How to Reuse of Water in Leather Manufacturing Industries?
From the water needed to grow animals, to the water used in tanning and finishing operation, the leather tanning business is one of the most water-intensive industries across the globe. The business is also known for the wastewater it creates, which may include a lot of pollutants.
Leather tanning industries has been criticized over the years for its role in environmental damage, particularly when it comes to water contamination. Water is a precious resource that is essential for the existence of all living things, as well as agriculture and industry.
Agriculture consumes the most water globally, accounting for about 69 percent, followed by industry (19%) and households (12%). It is also an important component in the creation of leather. But there's only so much water, and data suggests that by 2025, two-thirds of the world's population would be living in water-stressed areas if present consumption trends continue.

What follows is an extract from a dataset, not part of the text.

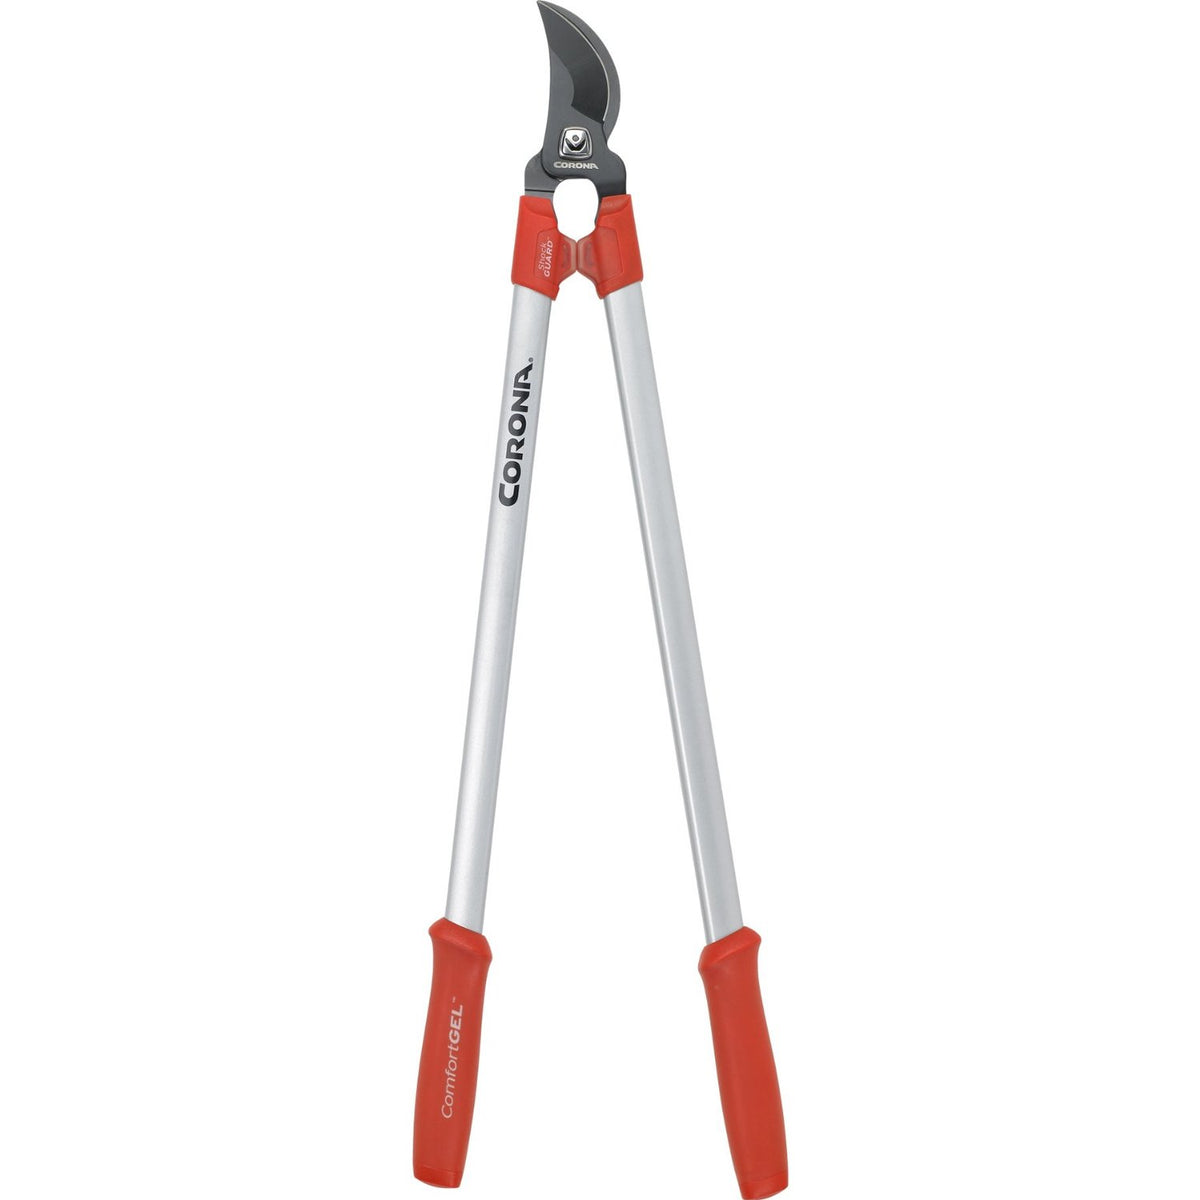 buy shears at cheap rate in bulk. wholesale & retail lawn & garden tools store.

Leather industries utilize a lot of water in the tanning process, which includes very alkaline and highly acidic combinations, chromium salts, and sulphide, therefore the possibility of harmful compounds leaking into rivers has piqued the interest of industry opponents.
Many aqueous processes with discontinuous outputs are used in the treatment of hides, resulting in large volumes of effluents that require costly and time-consuming treatment to meet emission requirements set by national and international regulations.
Leather Industries – Water footprint
The entire quantity of direct and indirect water used in a tannery's process is known as its water footprint.
The blue water footprint, which indicates the quantity of surface and groundwater used by the tannery, is one of the most important components. Then there's the green water footprint, which is the quantity of rainfall needed, and the grey water footprint, which is the amount of freshwater needed to mix and dilute contaminants to keep water quality within set parameters.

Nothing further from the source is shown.